> **Problem to work on**
In this exercise, write out the data word for word and leave every image out.

> **Data**
================================

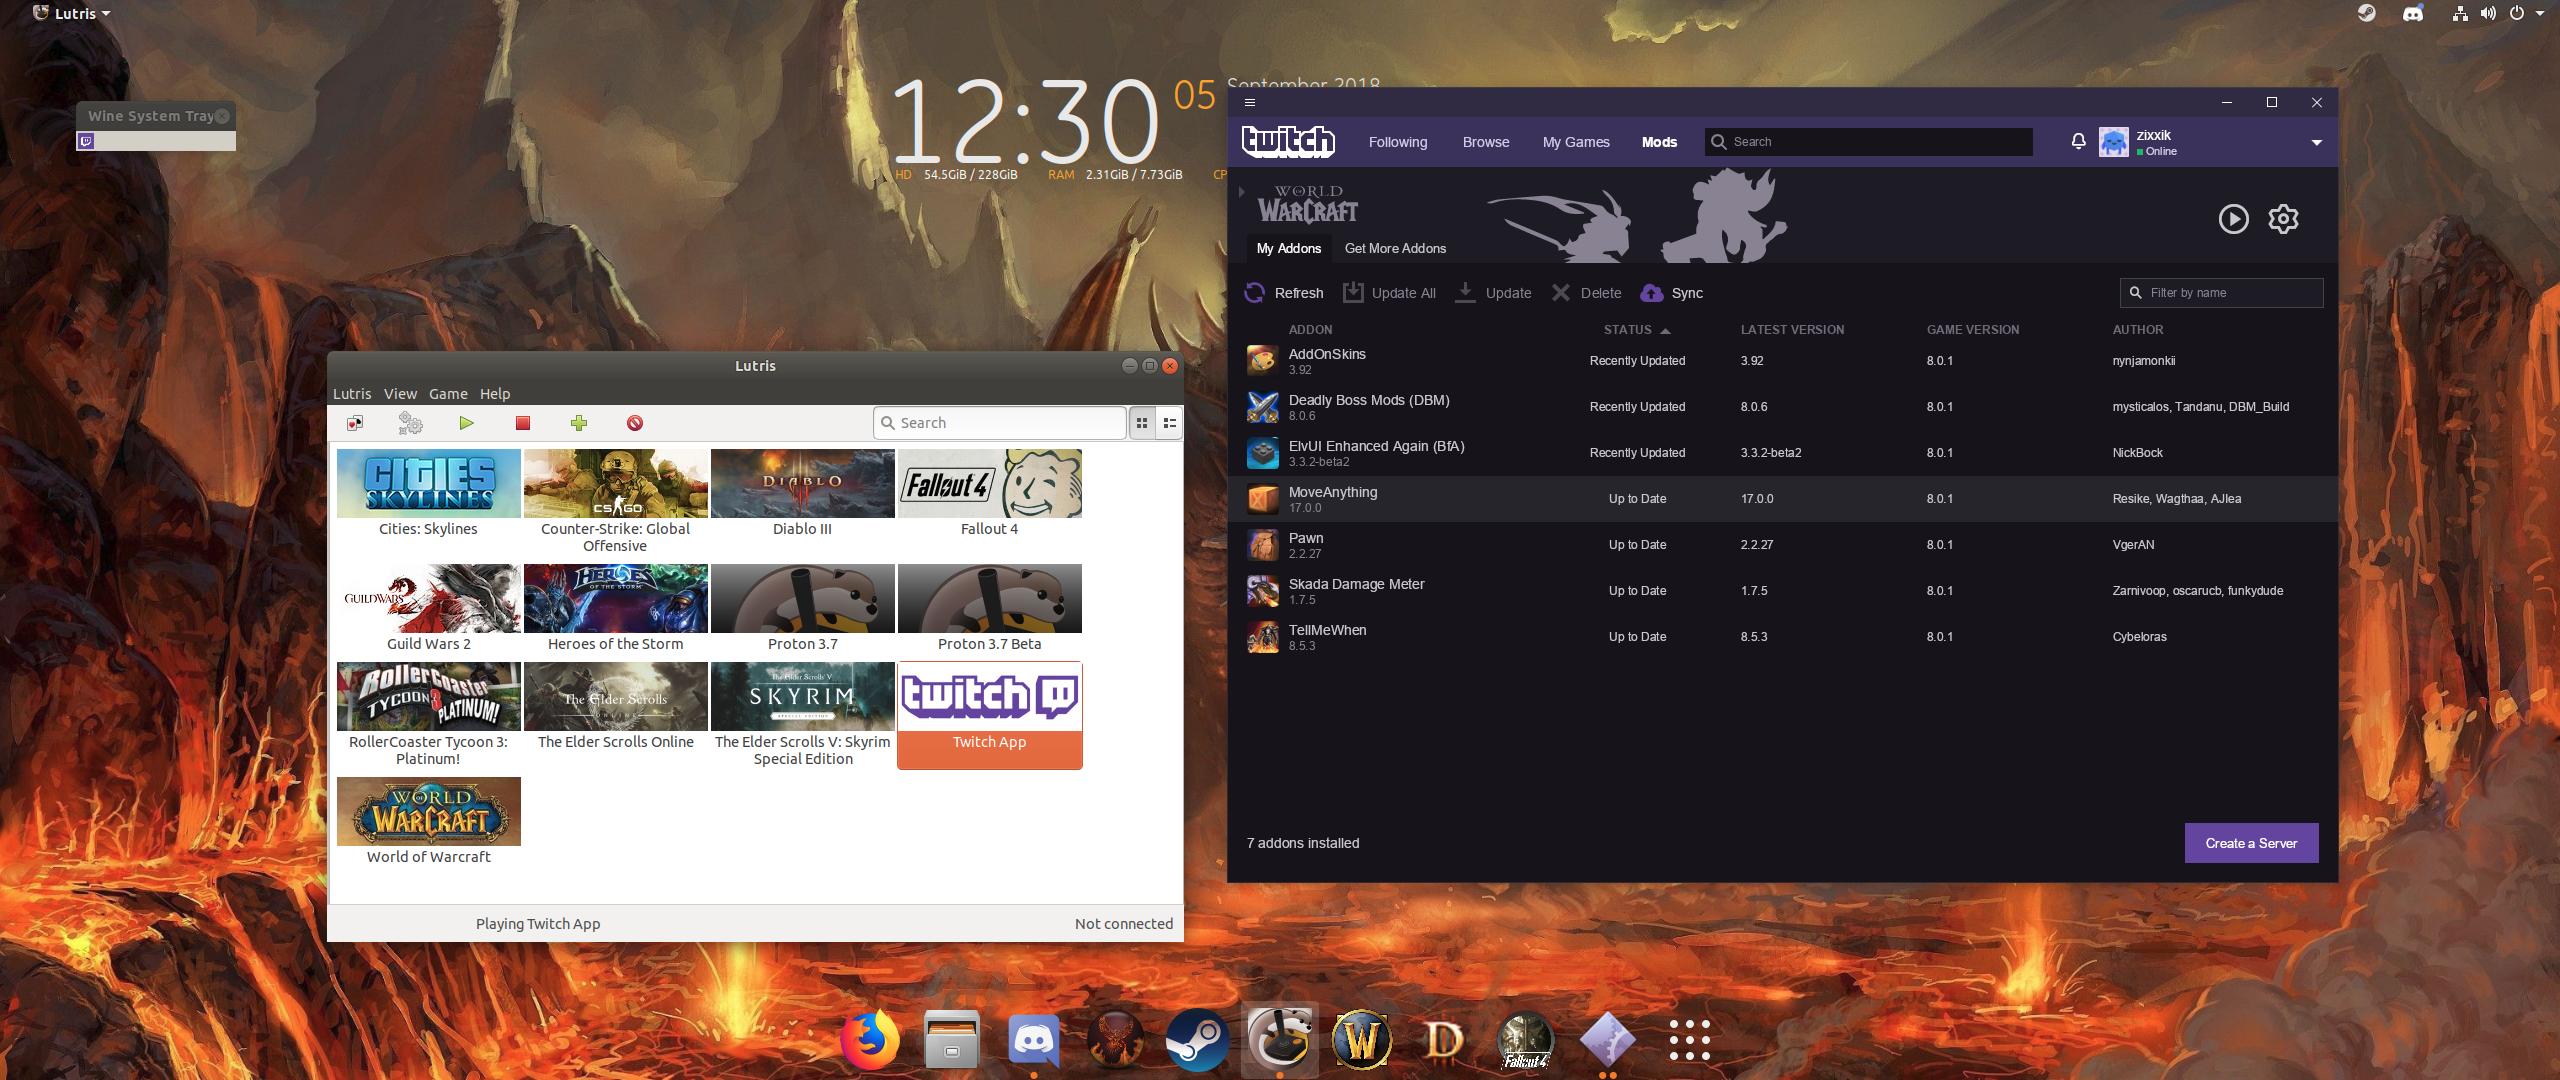 Twitch App - Lutris
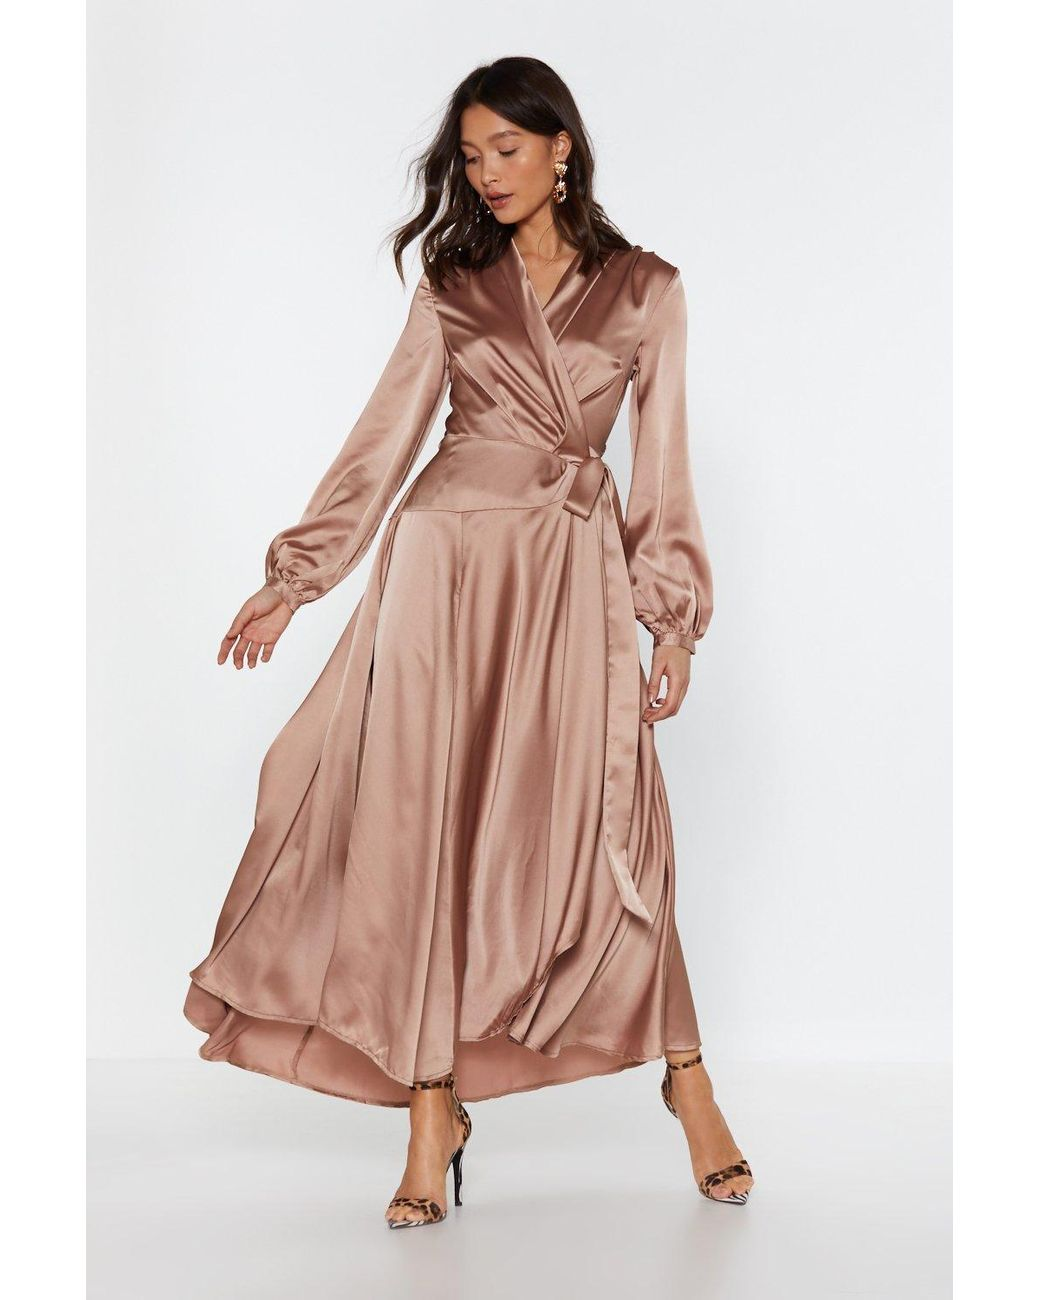 Women's Pink Satin Long Sleeve Maxi Wrap Dress
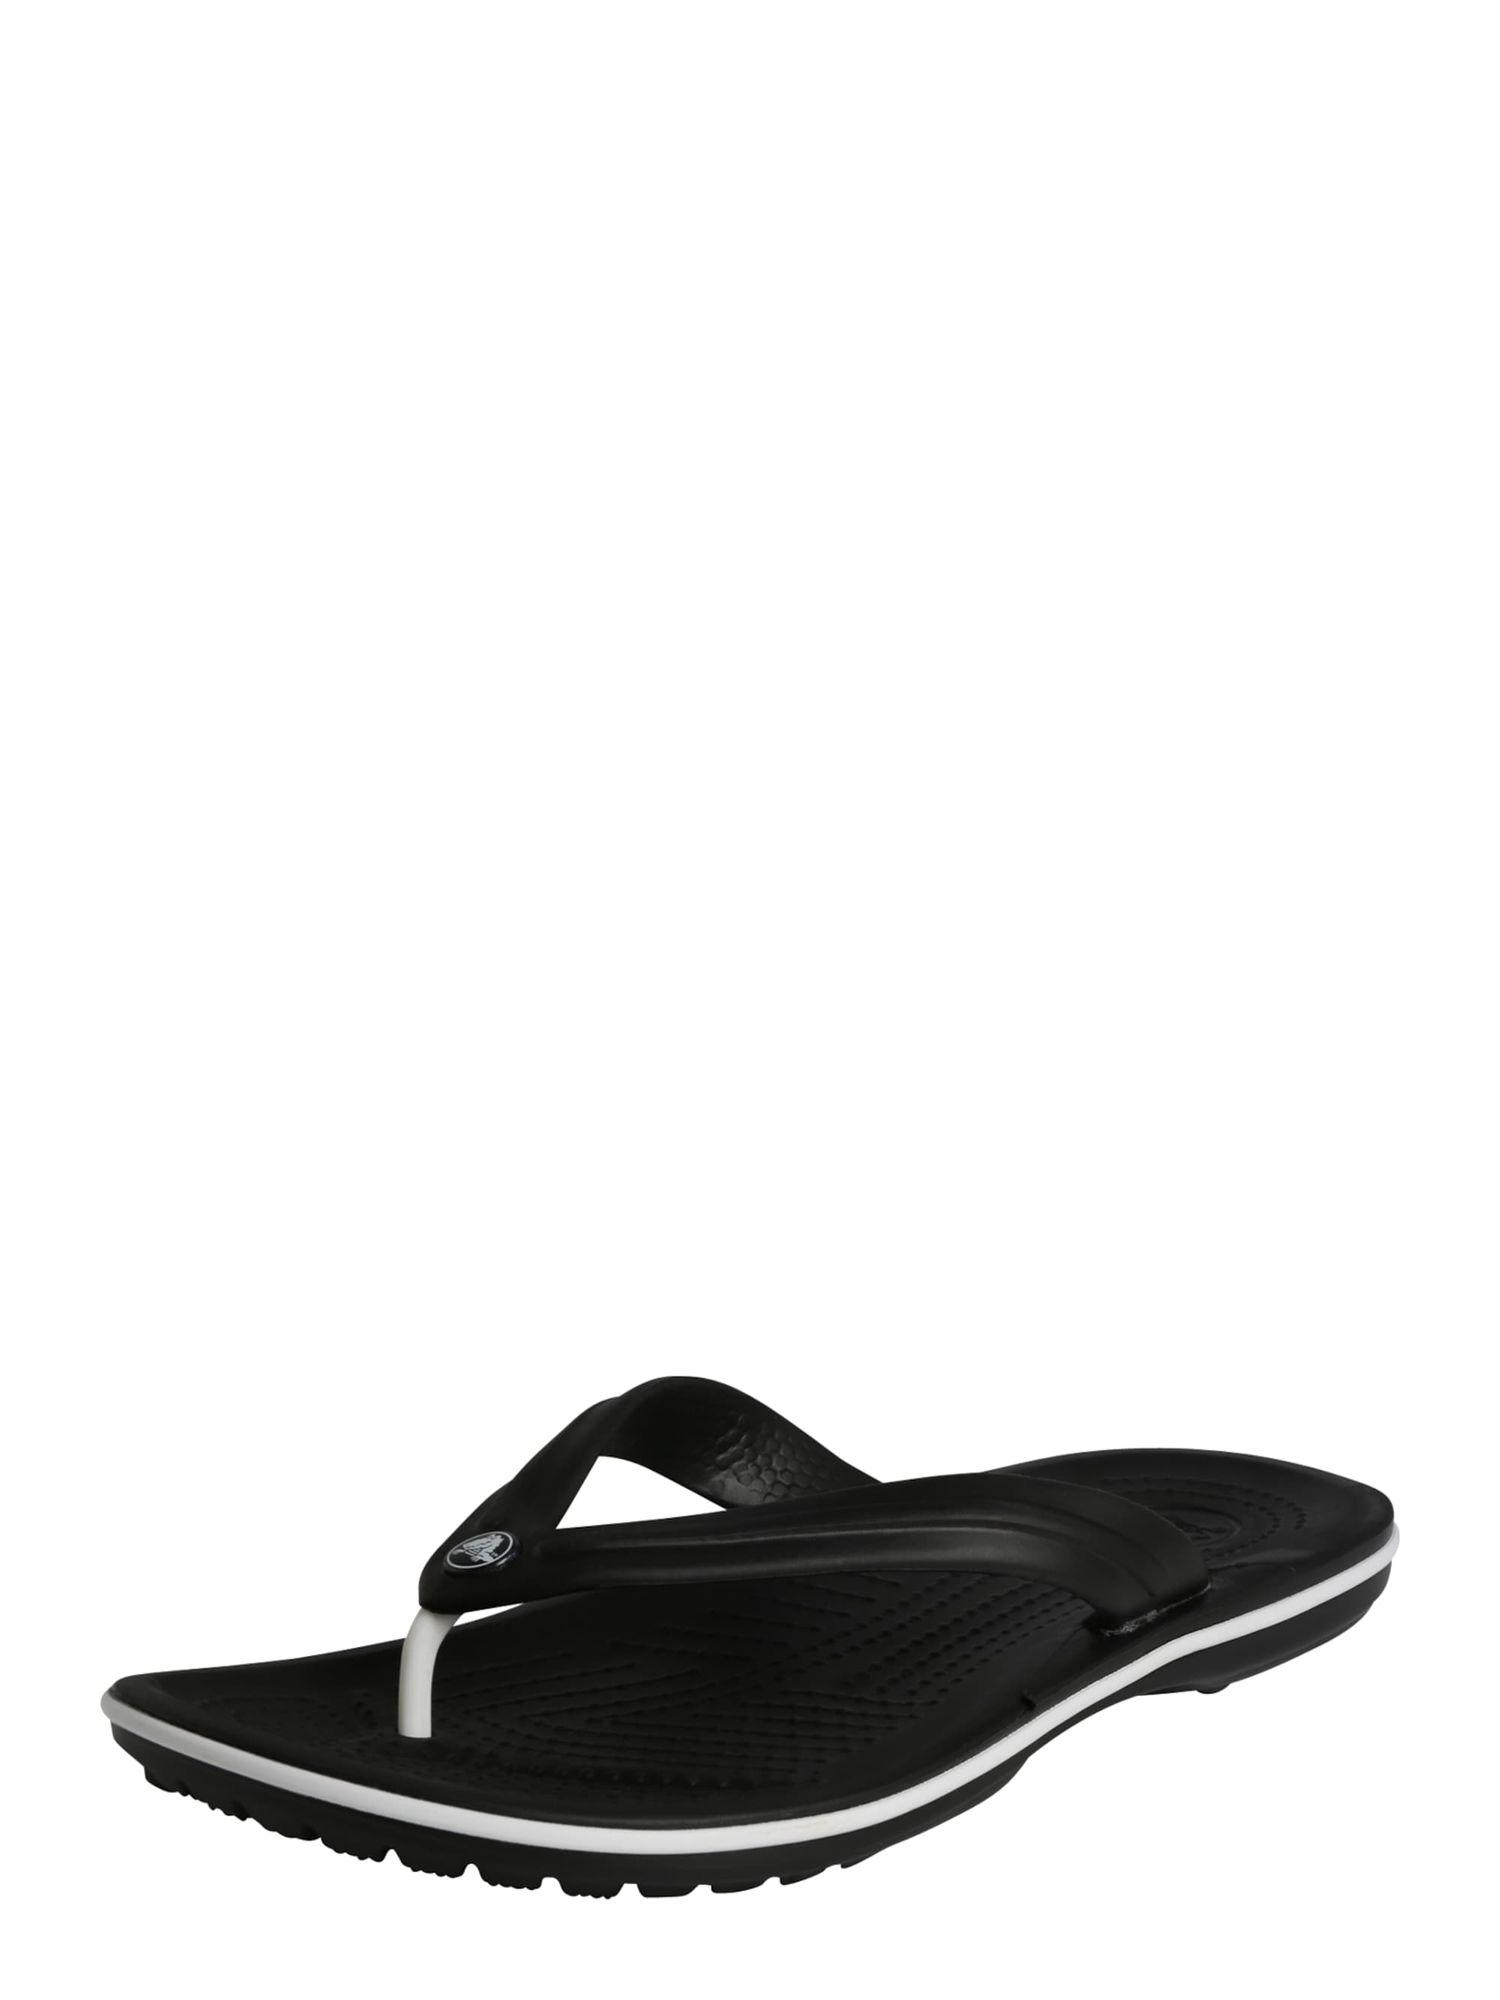 Sandale ´Crocband Flip M´

================================

> **Completed task**
 Twitch App - Lutris
 Women's Pink Satin Long Sleeve Maxi Wrap Dress
 Sandale ´Crocband Flip M´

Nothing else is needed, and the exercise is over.